E’ negli Stati Uniti che si manifesta per la prima volta un nuovo orientamento economico, votato ad uno sviluppo che trasformerà sensibilmente le mentalità e i costumi: l’incitamento al consumo infatti diventa più forte della necessità di produrre.

A partire dal 1945 il piano Marshall, destinato ufficialmente ad aiutare l’Europa devastata dalla guerra, apre la via alla società dei consumi, identificata ad una società del benessere.

L’obbligo di produrre a qualunque prezzo cede il posto ad un’impresa addobbata con gli ornamenti della seduzione, sotto la quale si nasconde nei fatti un nuovo imperativo prioritario: consumare. Consumare qualunque cosa, ma consumare.

Si assiste allora ad un’evoluzione sorprendente: un edonismo da supermercato e una democrazia da self-service, propagando l’illuzione dei piaceri e della libera scelta riescono a minare – in modo più sicuro di quanto lo avrebbero sperato gli anarchici del passato – i sacrosanti valori patriarcali, autoritari, militari e religiosi che un’economia dominata dagli imperativi della produzione aveva privilegiato.

Si misura meglio oggi quanto la colonizzazione delle masse lavoratrici, attraverso l’incitamento pressante a consumare una felicità secondo i propri gusti, abbia rallentato la stretta dell’economia sulle colonie d’oltremare e abbia favorito il successo delle lotte di decolonizzazione.

Se la libertà degli scambi e la loro indispensabile espansione hanno contribuito alla fine della maggior parte dei regimi dittatoriali e al crollo della cittadella comunista, hanno svelato assai rapidamente i limiti del benessere consumabile.
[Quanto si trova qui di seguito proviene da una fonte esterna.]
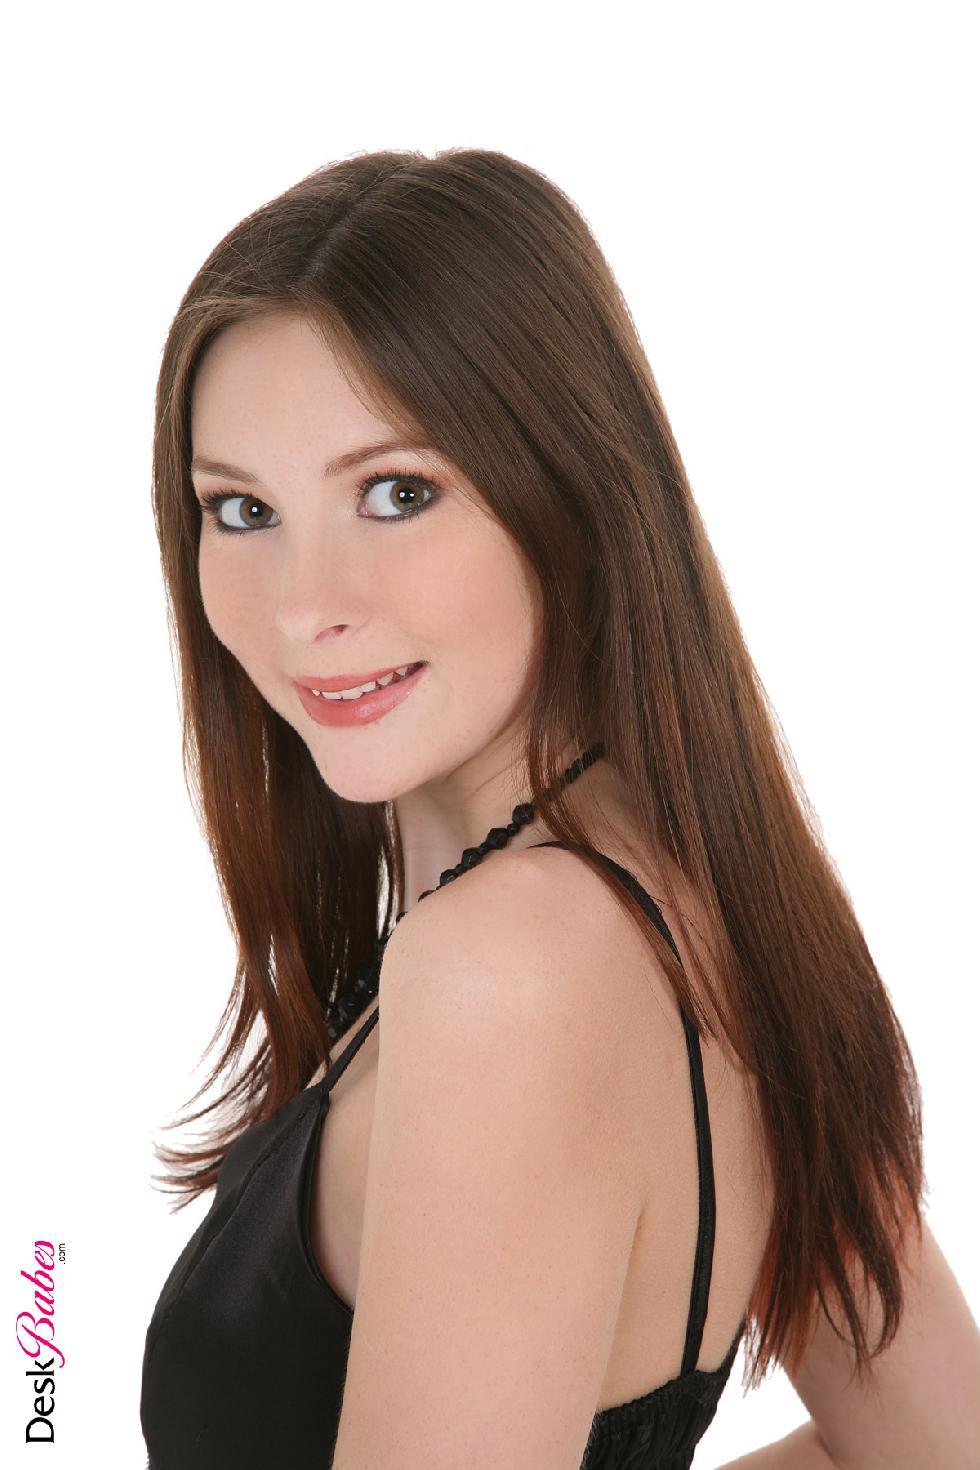 Beautiful Kattie Gold likes anal sex - 1

Frustrati da una felicità che non coincideva propriamente con l’inflazione di gadgets inutili e di prodotti adulterati, a partire dal 1968, i consumatori hanno preso coscienza della nuova alienazione di cui erano fatti oggetto. Lavorare per un salario che si investe nell’acquisto di merci di un valore d’uso aleatorio, suggerisce meno lo stato di beatitudine che l’impressione spiacevole di essere manipolati secondo le esigenze del mercato. Coloro che subivano l’officina e l’ufficio durante la giornata ne uscivano solo per entrare nelle fabbriche meno coercitive ma più menzognere del consumabile.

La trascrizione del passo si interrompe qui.